For some reason http://pagead2.googlesyndication.net/pagead/expansion_embed.js
, included in the parent page by the AdSense scripts, is trying to send information about the advert into a newly-written <iframe>
created to hold the advert, using the new HTML5 postMessage facility:
ha(this, function (f, e) {
d[Pa](this.a[A]+"|"+f+":"+e, this.la)
});
Yeah. Some nice minified/obfuscated code there. Trust me, Pa
is 'postMessage'
!
The targetOrigin
argument in this call, this.la
is set to http://googleads.g.doubleclick.net
. However, the new iframe was written with its src
set to about:blank
. This doesn't match the target origin, so the browser must refuse to send the message. Only Chrome seems to be dropping an actual whinge to the console log about it though.

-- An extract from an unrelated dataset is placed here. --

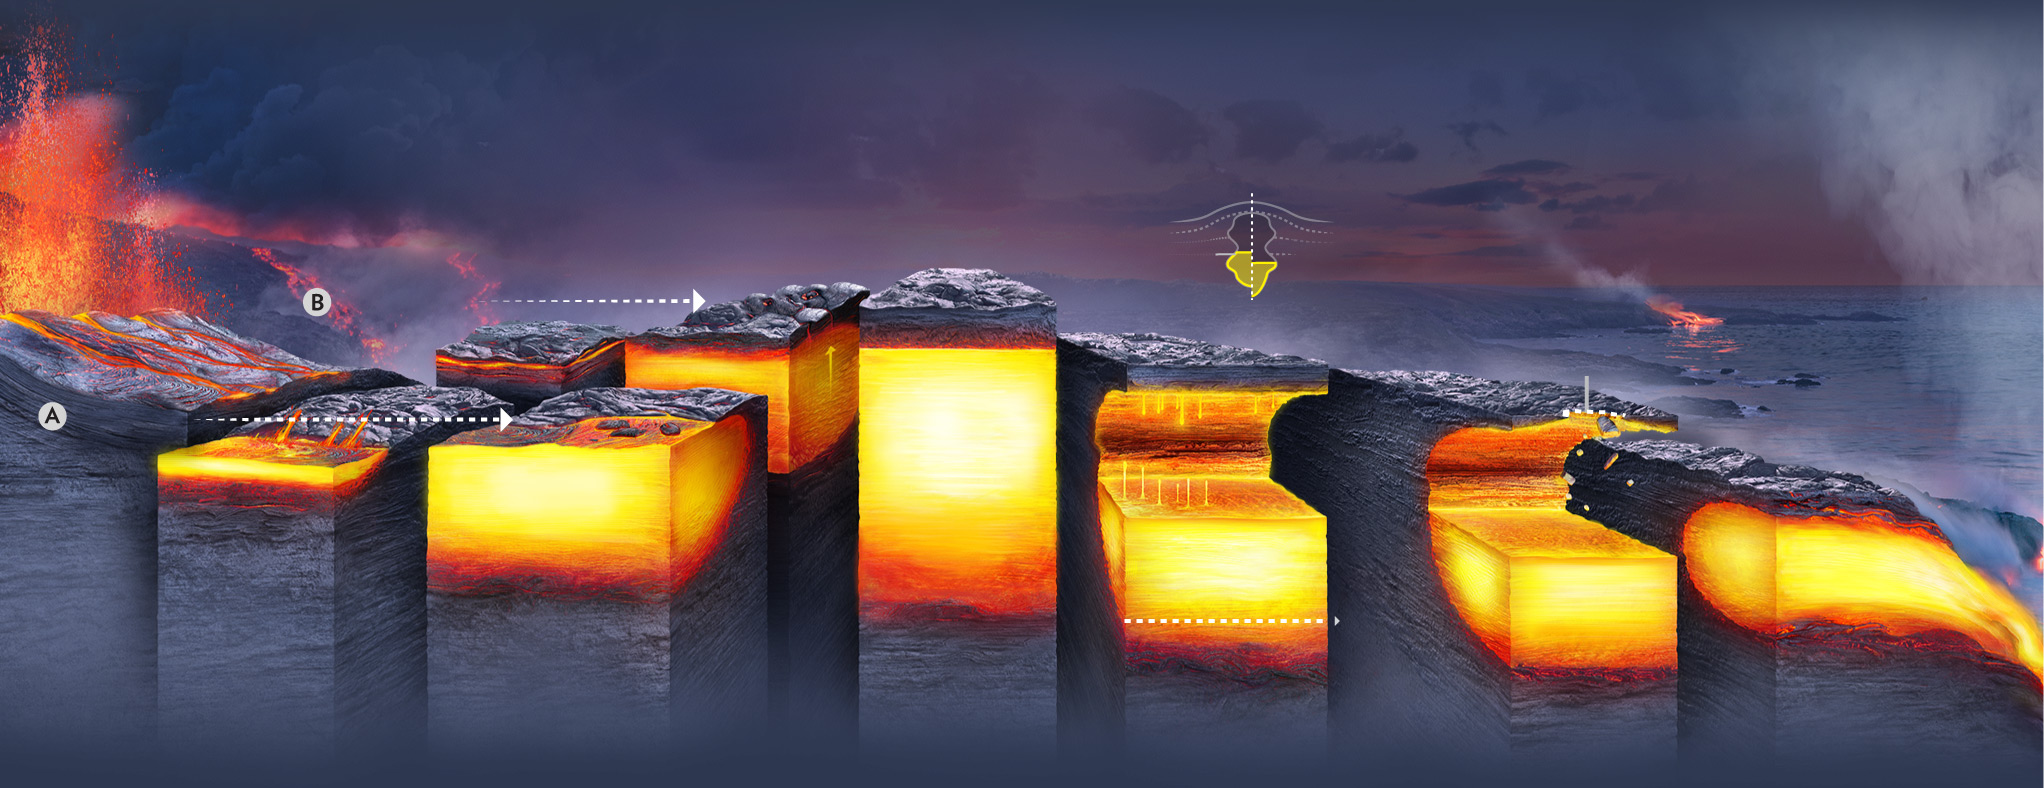 Lava tube - Wikipedia |Lava Tubes Are Formed How

No idea why it's doing this at all, never mind why it's not just using '*'
as a target origin... I'm not really feeling like wading into the obfuscated script to find out. However, this error should not cause page loading to slow down. If you're seeing pauses it's usually resolving and fetching other external scripts.
Solution 2
Google's trying to exploit a browser quirk whereby some browsers ignore the same-origin policy for windows with about:blank as the URL, allowing that window to submit XMLHttpRequest or, in this case, postMessage requests to any site.
As far as I know, browsers have recently been disabling this behaviour. You must have one such patched browser.
Hopefully, this broken functionality doesn't affect your ability to earn money from the ads.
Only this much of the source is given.